Not sure I can follow you.

Say the question asks: is x = 1? And (1) says that x = 1. In this case (1) is sufficient as it directly answers the question: YES x does equal to 1. This is EXACTLY the case we have with the above question.

Its about the difference between a tautological statement and this question. Reference question : https://gmatclub.com/forum/in-the-diagr ... 94414.html In the explanation you explained " This statement repeats information in the prompt, and contains no new information, so it doesn’t help us at all to figure out anything else. This statement, alone and by itself, is not sufficient." Here B is also reintroducing the information in question. what's the difference ?

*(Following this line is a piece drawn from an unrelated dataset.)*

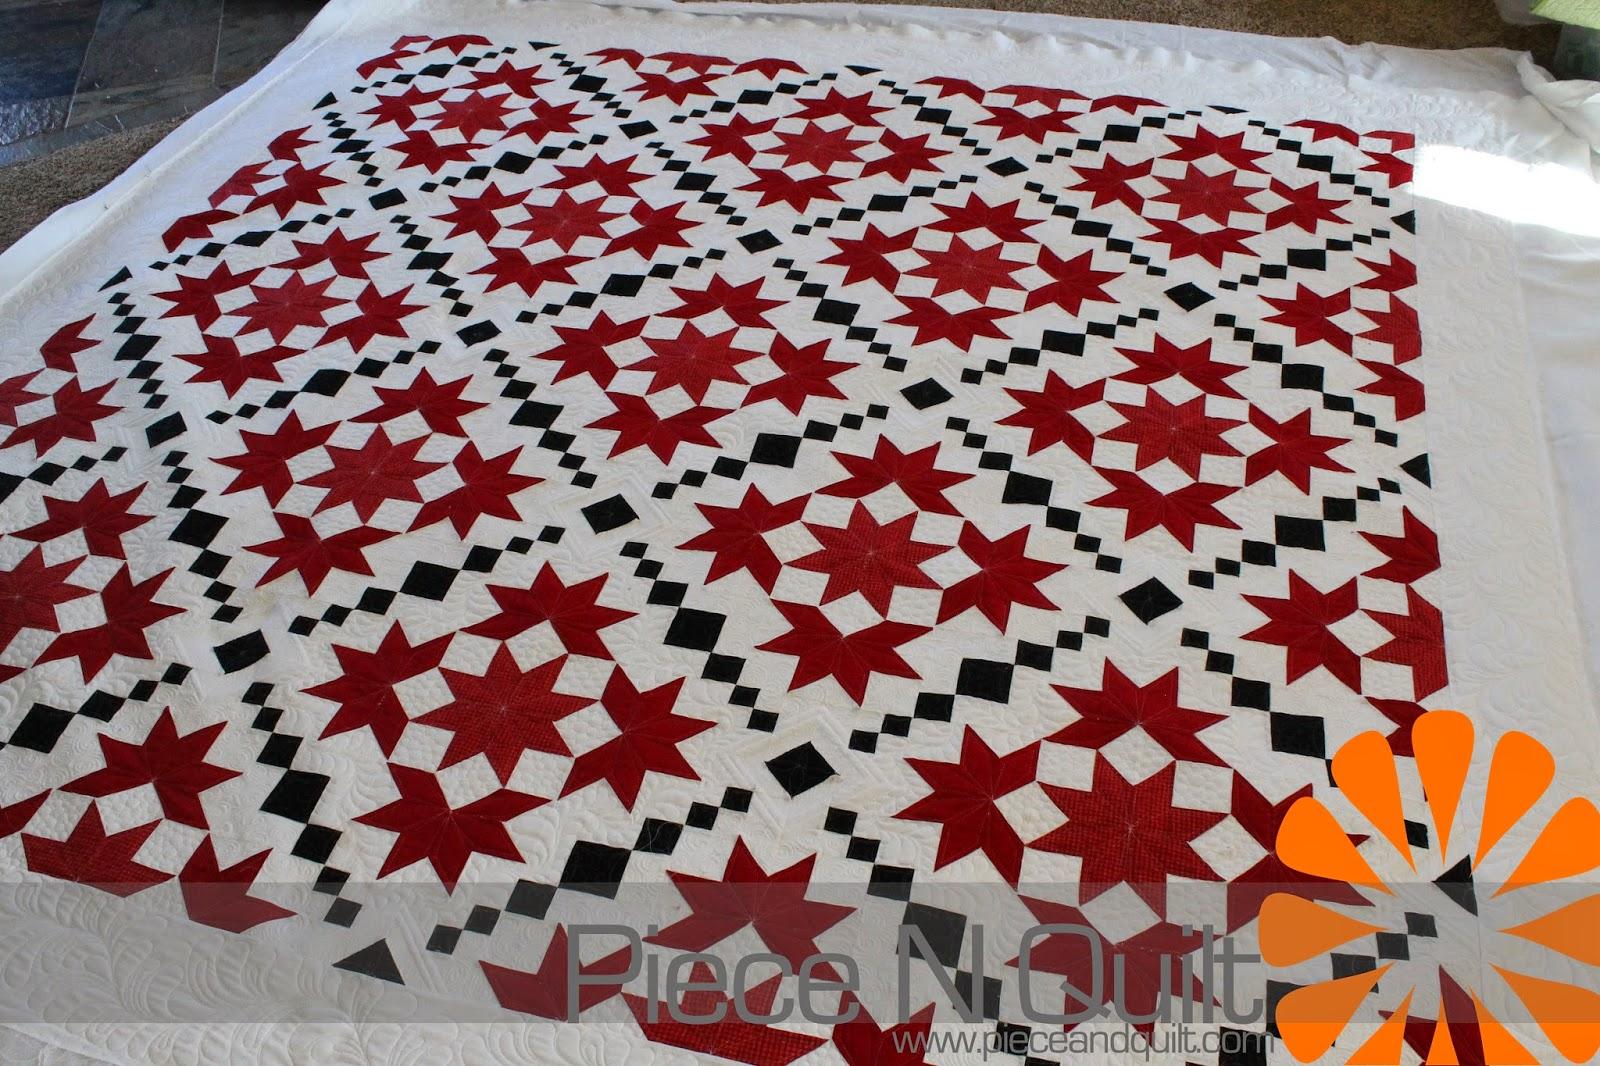 Piece N Quilt Custom Machine Quilting Red White

@bunnel If we have a statement that restates the question , then it becomes insufficient as we don't have any additional information to answer the question. But here the equality nullifies it and directly answers the question. Hence it is sufficient. IS this reasoning correct ? i

Not sure I can follow you.

Say the question asks: is x = 1? And (1) says that x = 1. In this case (1) is sufficient as it directly answers the question: YES x does equal to 1. This is EXACTLY the case we have with the above question.

Its about the difference between a tautological statement and this question. Reference question : https://gmatclub.com/forum/in-the-diagr ... 94414.html In the explanation you explained " This statement repeats information in the prompt, and contains no new information, so it doesn’t help us at all to figure out anything else. This statement, alone and by itself, is not sufficient." Here B is also reintroducing the information in question. what's the difference ?

In the question you quote one of the statements says something that is generally true, so it adds not new info. It says something like x = x, that is generally true.

Here the question asks is \(st = t\)? (2) says t = ts. So, it gives an YES answer to the question.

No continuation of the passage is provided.